Other data analysis, data summarization, learning

Contents
As a wide concept
Dimensionality reduction can be seen in a very wide sense, of creating a simpler variant of the data that focuses on the more interesting and removes the less interesting.
Note that in such a wide sense a lot of learning is useful as dimensionality reduction, just because the output is a useful and smaller thing, be it clustering, neural networks, whatever.
But in most cases it's also specific output, minimal output for that purpose.
Dimensionality reduction in practice is much more mellow version of that, reducing data to a more manageable form. It historically often referred to things like factor analysis and multivariate analysis, i.e. separating out what seem to be structural patterns, but not doing much with them yet, often acknowledging that we usually still have entangled surface effects in the observations given, and our direct output is probably still a poor view of the actual dependent variables that created the observations we look at.
(Whether that's an issue or not depends largely on what it's being used for)
Reducing the amount of dimensions in highly dimensional data is often done to alleviate the curse of dimensionality.[1]
Said curse comes mainly from the fact that for every dimension you add, the implied volume increases quicker and quicker.
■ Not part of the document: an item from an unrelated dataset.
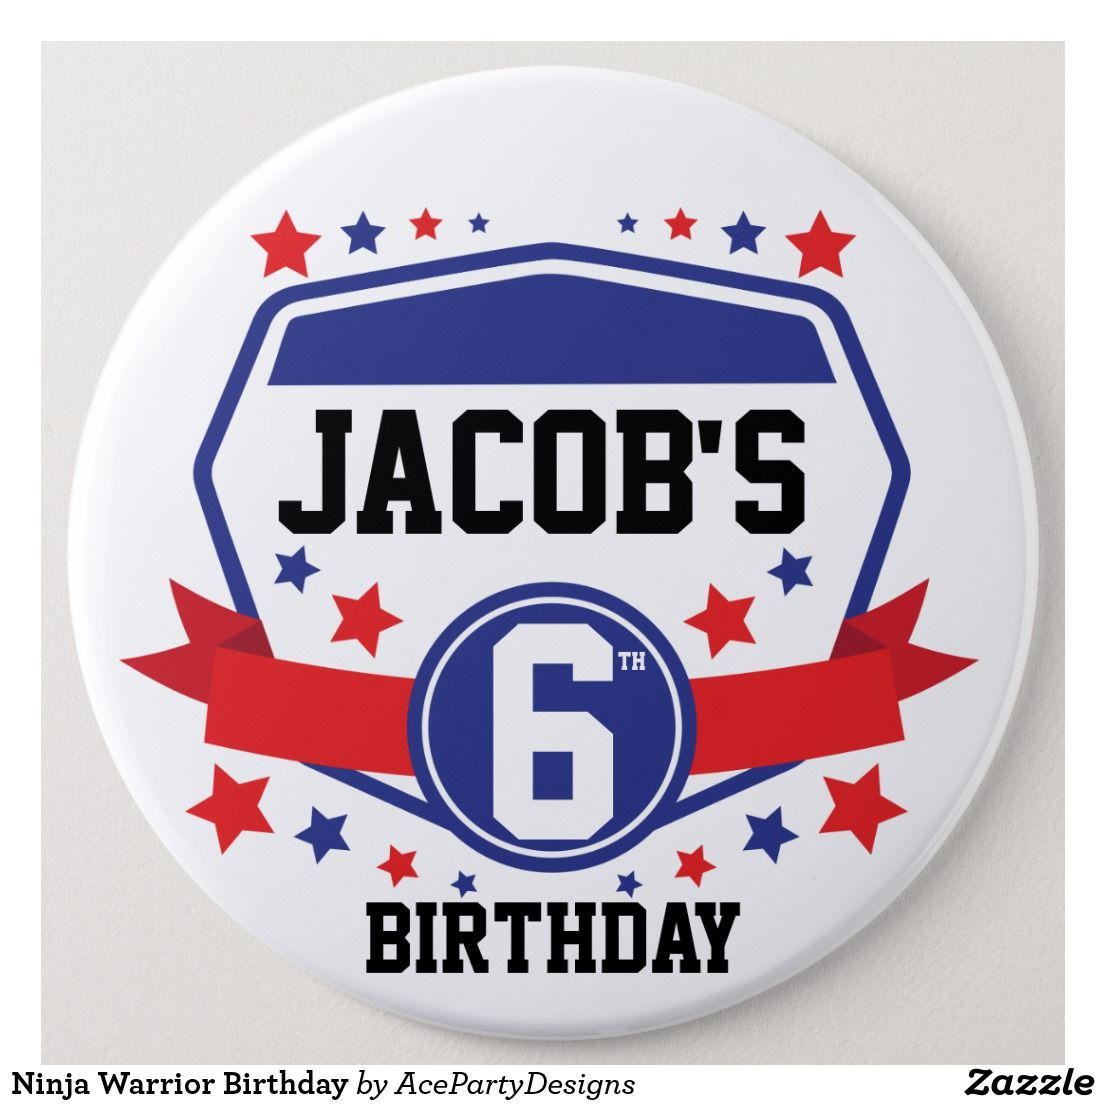 Ninja Warrior Birthday 6 Cm Round Badge Zazzle Com Au Ninja Warrior Birthday Party Themes Boy Birthday
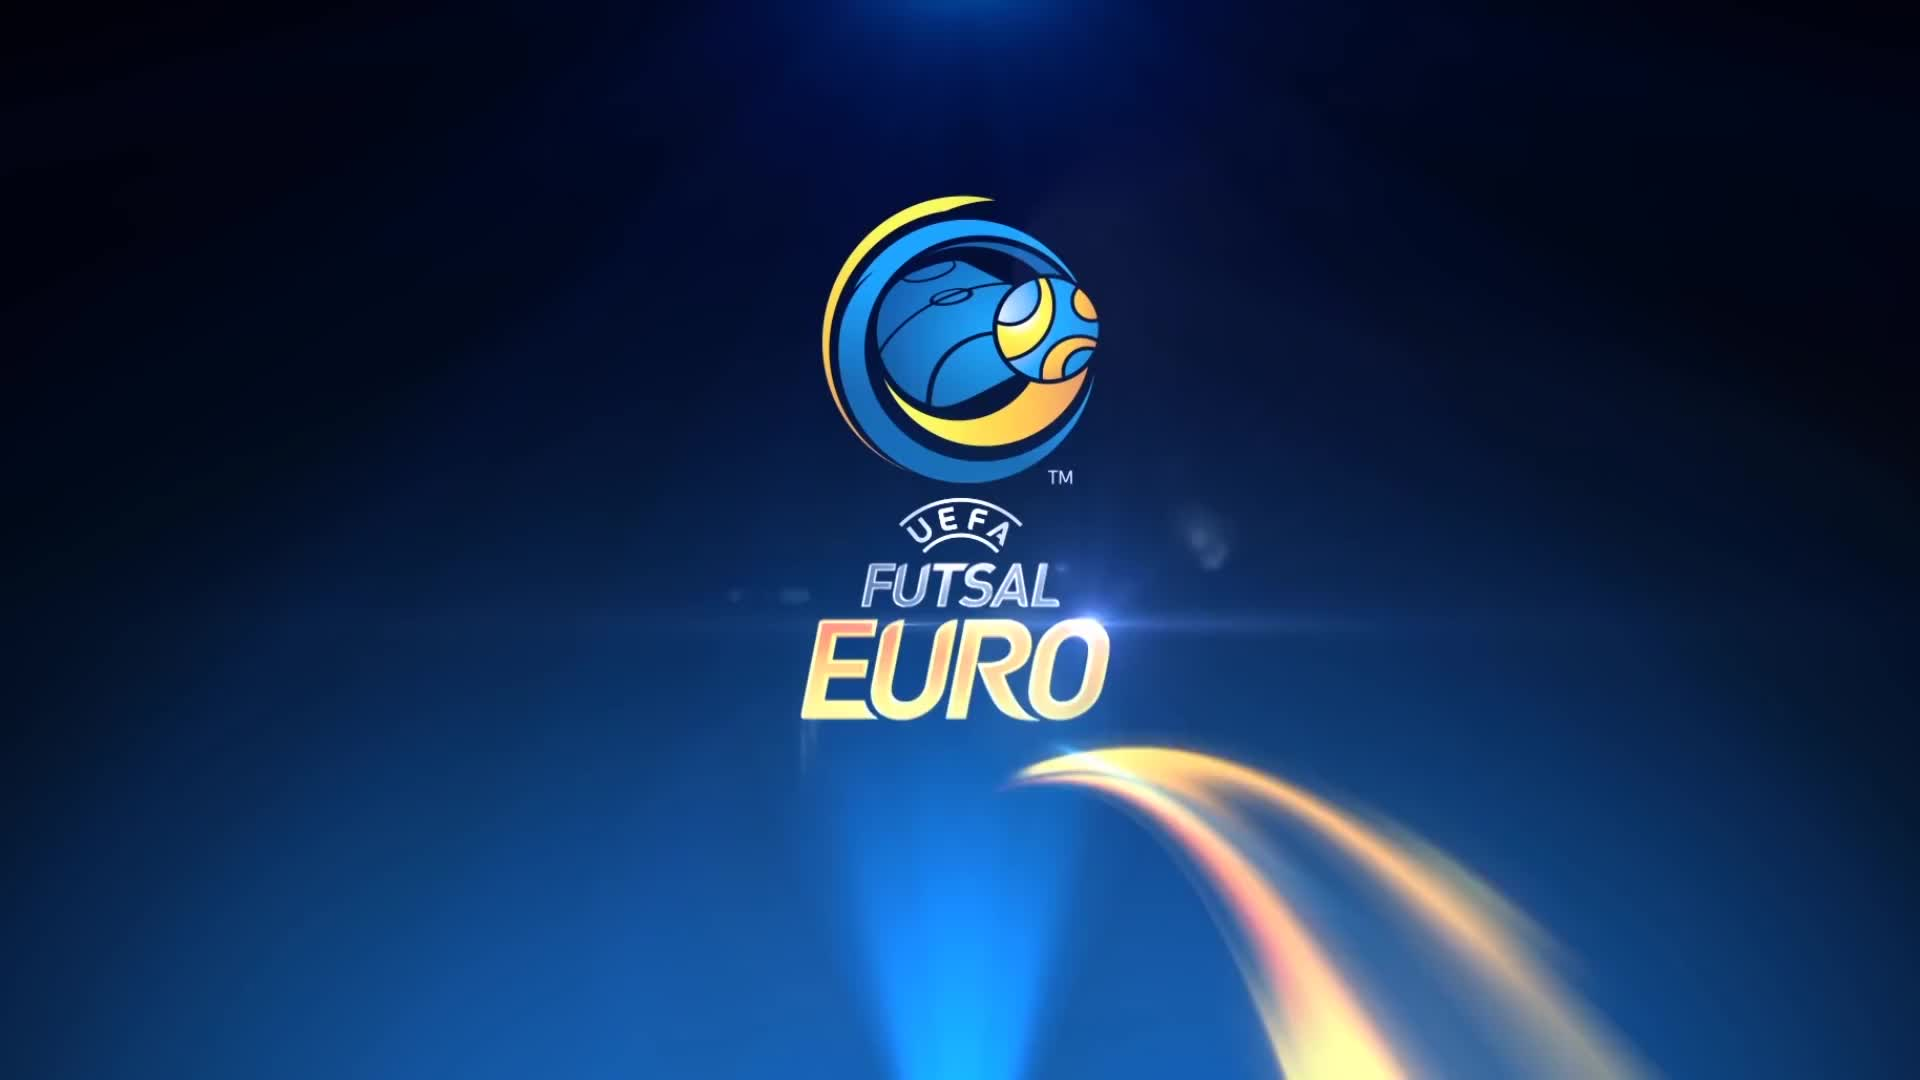 2018, Football, Goal, Goals, Highlights, Match, Portugal, Ricardinho, Romania, Shot, Skill, Slovenia, UEFA, UEFA EURO Futsal, Volley, Win, Highlights: Portugal v Romania GIFs

So anything that wants to be exhausitve is now in trouble. Statistics has an exponentially harder job of proving significance (at least without exponential amounts more data), Machine learning needs as much more data to train well, optimization needs to consider all combinations of dimensions as variables, etc.
Distance metrics are funnier, in that the influence of any one dimension becomes smaller, so differences in metrics smaller  and more errorprone in things like clustering.
(verify)
It's not all bad, but certainly a thing to consider.
Ordination, Factor Analysis, Multivariate analysis
This article/section is a stub — probably a pile of halfsorted notes, is not wellchecked so may have incorrect bits. (Feel free to ignore, fix, or tell me) 
(See also Statistics#Multivariate_statistics)
Ordination widely means (re)ordering objects so that similar objects are near each other, and dissimilar objects are further away.
Ordination methods are often a step in something else, e.g. be good data massage before clustering.
It can become more relevant to higherdimensional data (lots of variables), in that ordination is something you watch (so sort of an implicit side effect) in the process of dimensionality reduction methods.
Of course, different methods have their own goals and focus, different requirements, and their own conventions along the way.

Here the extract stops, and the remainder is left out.